Website Defacements – How to Protect Your Website

By: Krista M. | Cyber Threat Intelligence Analyst, NJCCIC

Imagine you wake up one day to find that your company’s website no longer displays your logo, products, or contact information. Instead of providing an online presence for your business, your website is now promoting a hacking group or terrorist organization. Your customers are angry and your employees are confused. You open your website only to be greeted with a message like this:

So, how did this happen and what should you do now?

The first thing you need to know is that you were the victim of a website defacement, a cyber-attack that occurs when someone hacks into a website server and replaces the original files with new files. These new files are designed to display an ideological message, promote a hacker or group, or distribute malware to unsuspecting victims who visit your site.

It’s important to note that most website defacements are a crime of opportunity. This means that your website contained at least one security vulnerability that wasn’t patched and a hacker came along and took advantage of the situation. Usually, those who engage in this behavior are low-level hackers who are trying to prove their skills to others within their group and gain notoriety. Others may target websites of individuals or organizations they do not like, to promote fear or to show support for a specific cause. Whatever the case may be, you’ll need to know what to do if this happens to you and how to prevent such attacks in the future.

To proactively prevent website defacements, please take the following recommendations into consideration:

  • If you maintain and update your own website, run reputable anti-virus software on the machine you use to access your website’s administration page to see if keyloggers or other malware may have stolen your site’s login credentials.
  • If available, enable two-factor authentication (2FA) on website administrator accounts.
  • Restrict file and directory write permissions for any account that doesn’t require it.
  • Disable anonymous FTP connections on your server.
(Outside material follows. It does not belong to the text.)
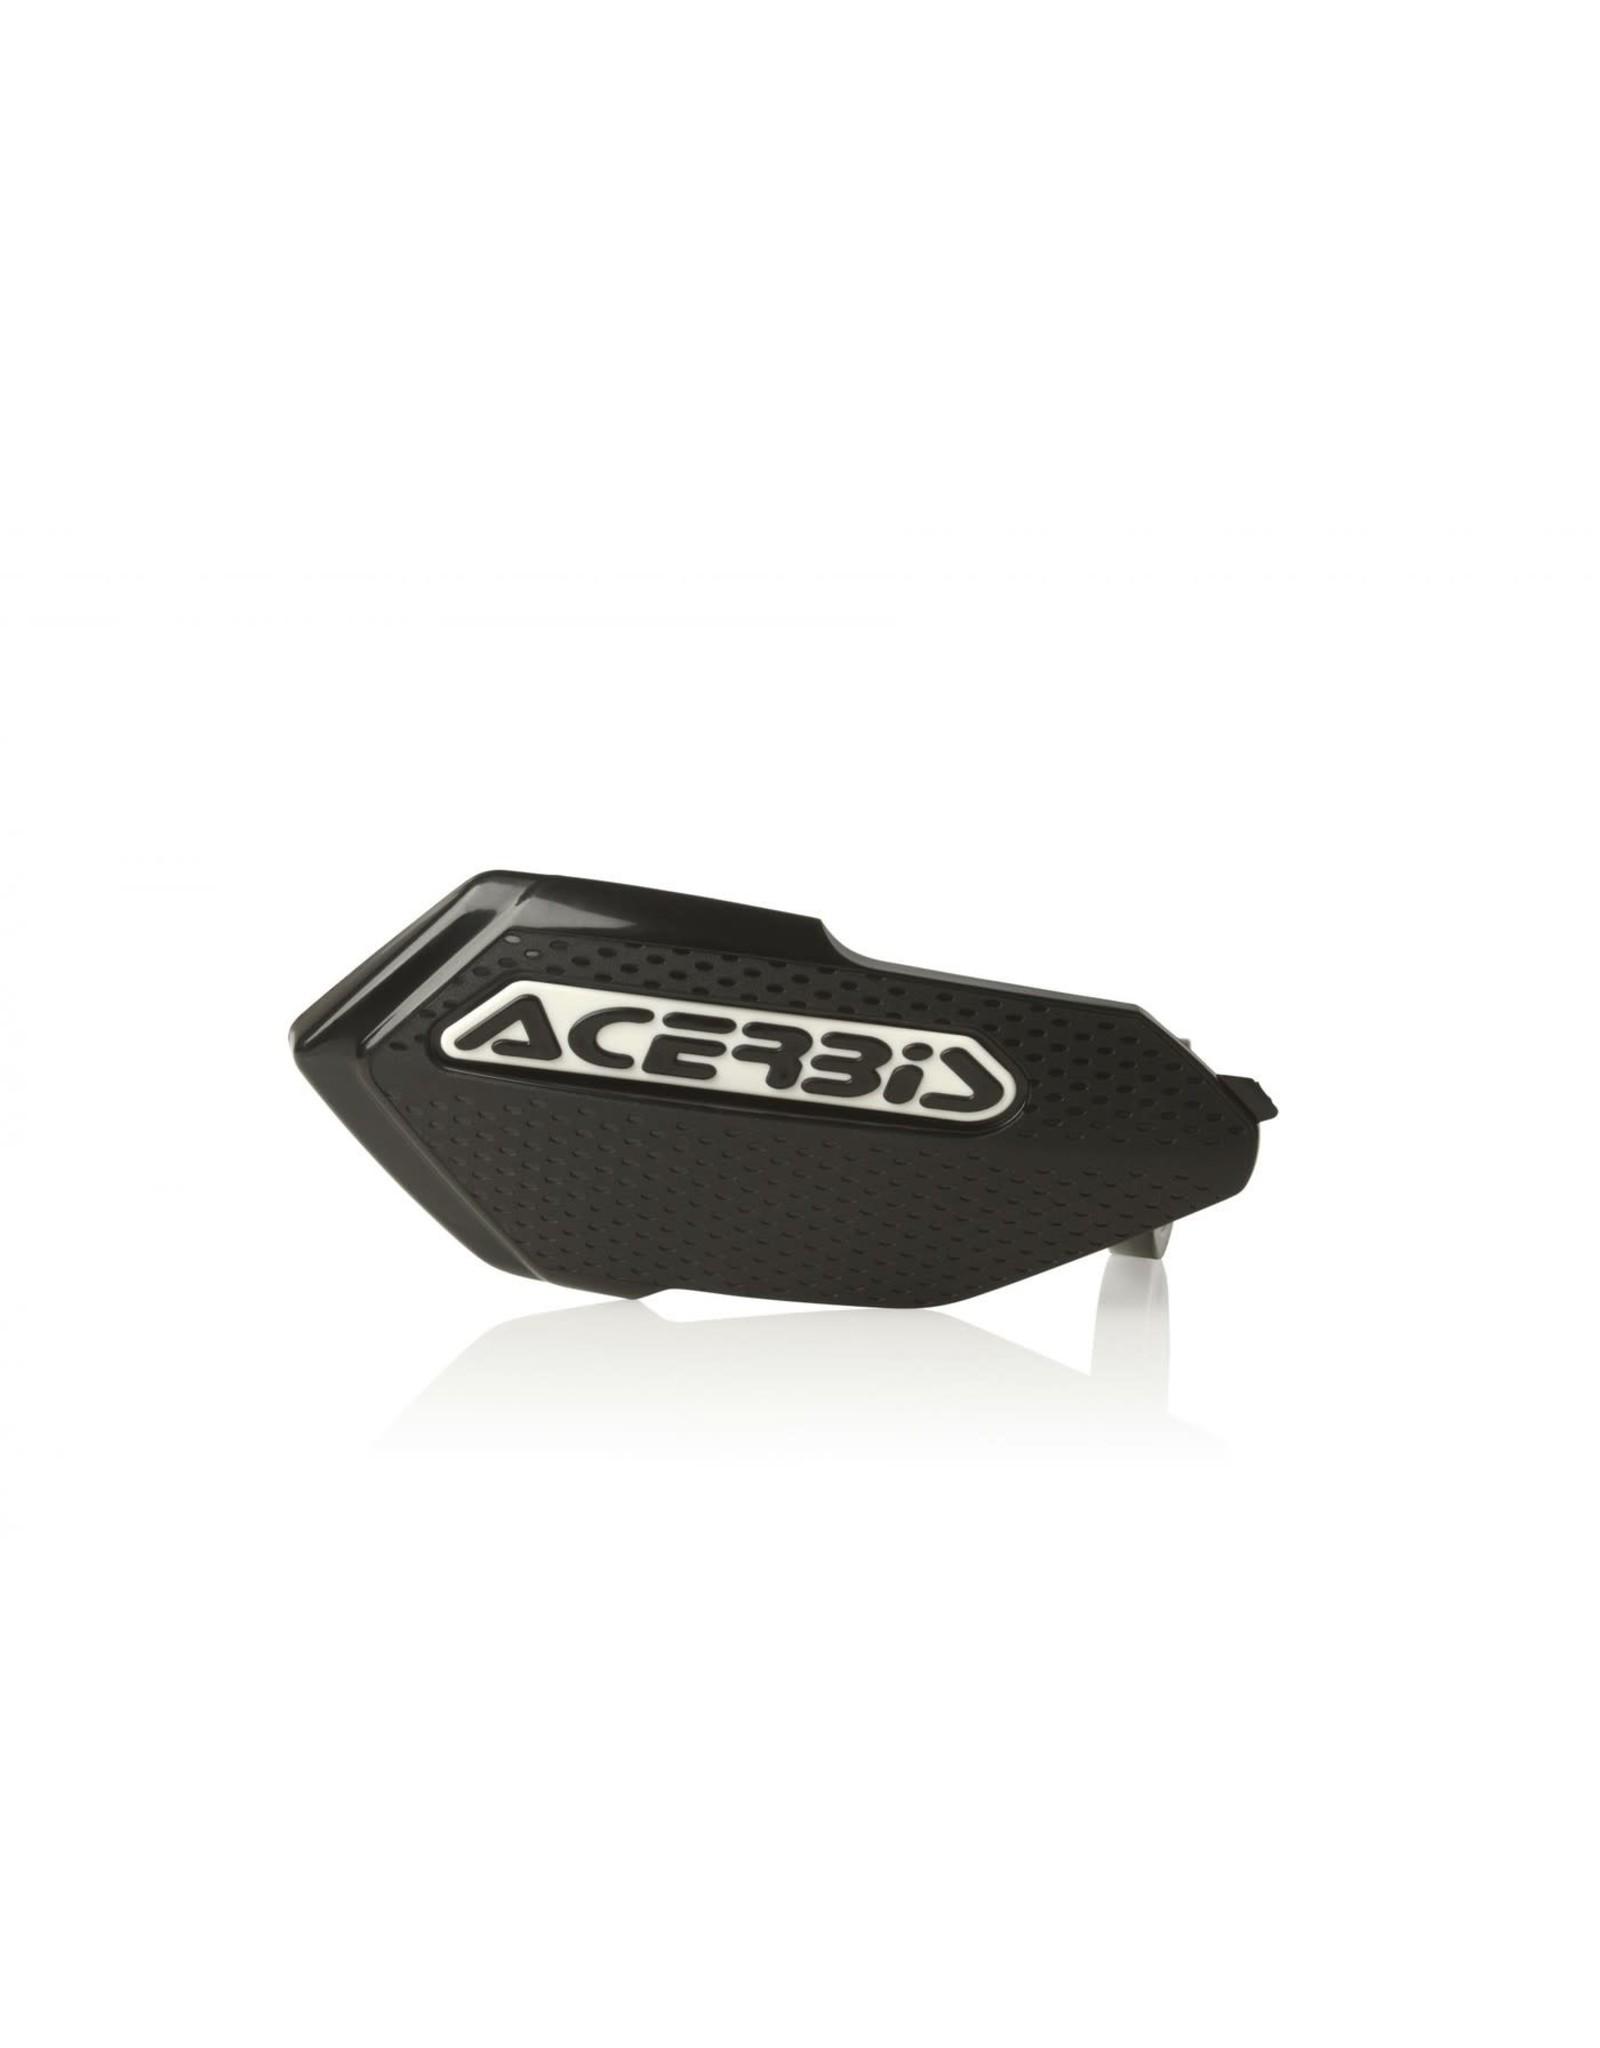 Acerbis Acerbis X-Elite Mountain Bike Handguards

If possible, use a secure FTPS connection with user ID and password instead of an unsecured FTP connection.
  • Implement automated backups of the website and any supporting database. Keep the backups off-site and in a secure location.
  • Make sure that your website and any associated web applications are running the most updated software versions and apply any necessary security patches.
  • Conduct penetration tests and vulnerability scans to detect known exploits and weaknesses. This process can either be outsourced to a third party that provides these services or done in-house using various tools available online.
  • Implementing a website firewall plugin, if applicable.
  • Consider hosting your web server behind a demilitarized zone (DMZ) and firewall, especially if users submit sensitive payment or personal information through your website.
  • Maintain awareness of current exploits.
  • Check all incoming IP addresses against standard DNS blacklist databases to prevent them from reaching your website.
  • Regularly check log files for any unusual traffic patterns.
  • If offered, sign up for SMS or email alerts that notify you if and when changes are made to the website.
  • Be aware of search engine blacklists and sign up for alerts and notifications that could warn you if something about your website is raising a red flag.

If you’ve been the victim of a website defacement:

  • If your site is hosted or maintained by an external party, notify the webmaster as soon as possible and have him or her take the necessary steps to remediate the problem.
  • Reset all passwords to website administrator accounts and make sure they are complex and not used anywhere else.
  • Replace all files located on the website server with files from an isolated or standalone backup source.
  • Be sure to remove any additional website links created by the hacker. Consider temporarily removing or quarantining your website until the situation has been rectified.
  • Report the incident to the NJCCIC by completing our Cyber Incident Reporting Form or emailing njccic@cyber.nj.gov.

Additional information about hacked websites provided by Google is available here.

PunkSPIDER is a free online tool you can use to scan your website for common vulnerabilities.

VirusTotal provides free URL scanning to detect malware hiding within websites.

Additional tools are available by searching online for “website vulnerability scanner.”